I'm writing a program that reads an ASCII file and then converts it to a Binary file, as I see it's not such a hard task, but understanding what's happening behind is ...
As I understand, an ASCII file is just human readable text, so if we want to create a new file full of ASCII's, a simple loop with a fputc() would be enough and for a binary file fwrite() will do the job right?
So my question here is, once that the ASCII to Binary conversion is done, what should I see in my .bin file? It should be filled with exactly the same symbols <88><88><88><88><88>?
Code:
/*
* From "Practical C Programming 2nd Edition"

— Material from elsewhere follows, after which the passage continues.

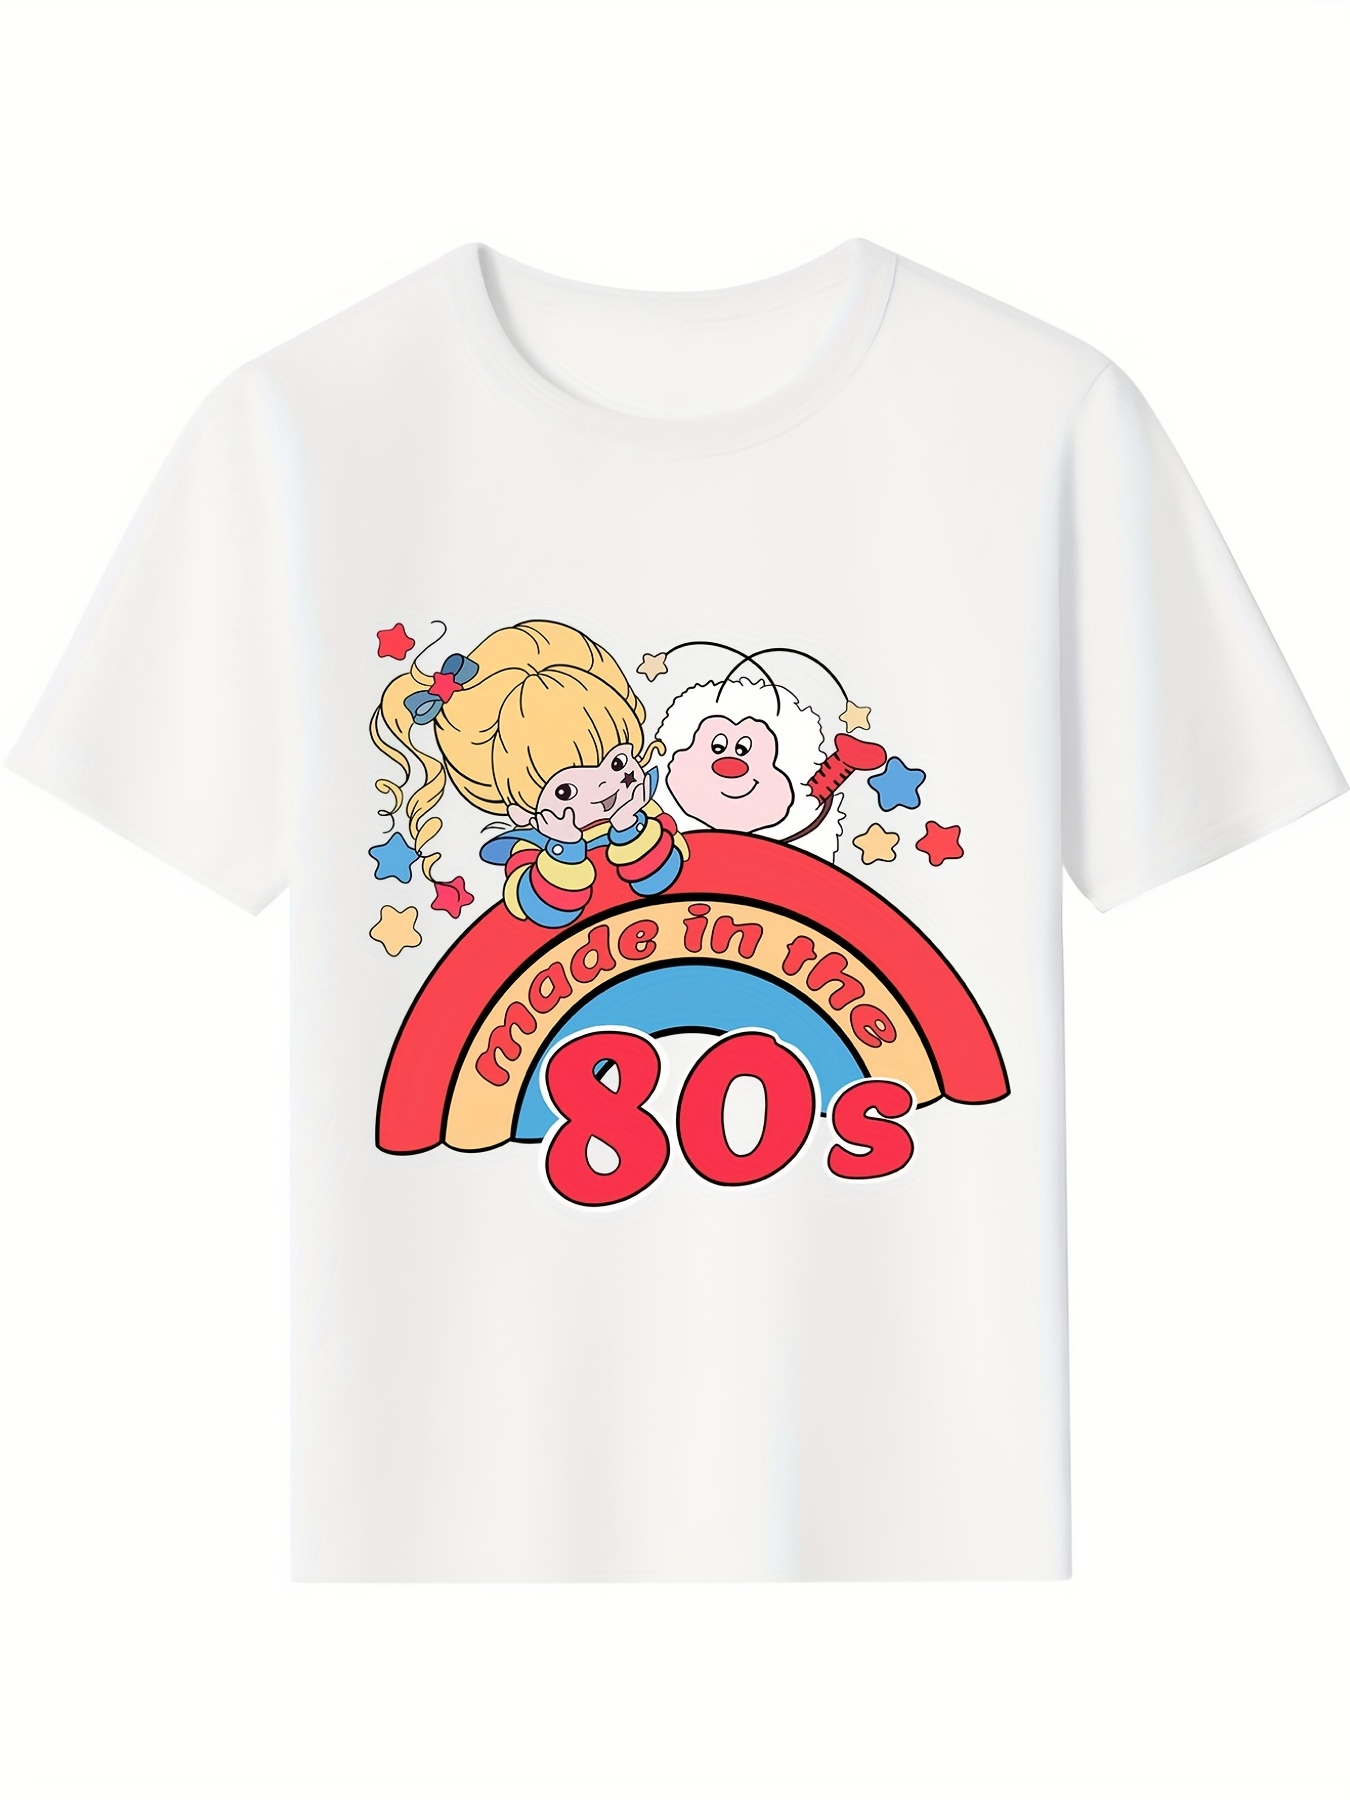 Vintage Tops: 80's T-Shirts

* Exercise 14-4: Write a program that reads an ASCII file containing a list of numbers
* and writes a binary file containing the same list. Write a program that goes the
* other way so that you can check your work.
*
*/
#include <stdio.h>
#include <stdlib.h>
const char *in_filename = "bigfile.txt";
const char *out_filename = "out_file.bin";
int main()
{
int ch = 0;
/* ASCII */
FILE *in_file = NULL;
in_file = fopen(in_filename, "r");
if(!in_file)
{
fprintf(stderr, "ERROR: Could not open file %s ... ", in_filename);
exit(EXIT_FAILURE);
}
/* Binary */
FILE *out_file = NULL;
out_file = fopen(out_filename, "w+b");
if(!out_file)
{
fprintf(stderr, "ERROR: New file %s, could not be created ... ", out_filename);
exit(EXIT_FAILURE);
}
while(1)
{
ch = fgetc(in_file);
if(ch == EOF)
break;
else
fwrite(in_file, sizeof(char), 1, out_file);
}
fclose(in_file);
fclose(out_file);
return 0;
}
I'm generating the input file with this shell script:
tr -dc "0-9" < /dev/urandom | fold -w100|head -n 100000 > bigfile.txt
Any help would be very appreciate it.
Thanks.
fwrite(in_file, sizeof(char), 1, out_file);
is wrong because an integer is given where a pointer is expected.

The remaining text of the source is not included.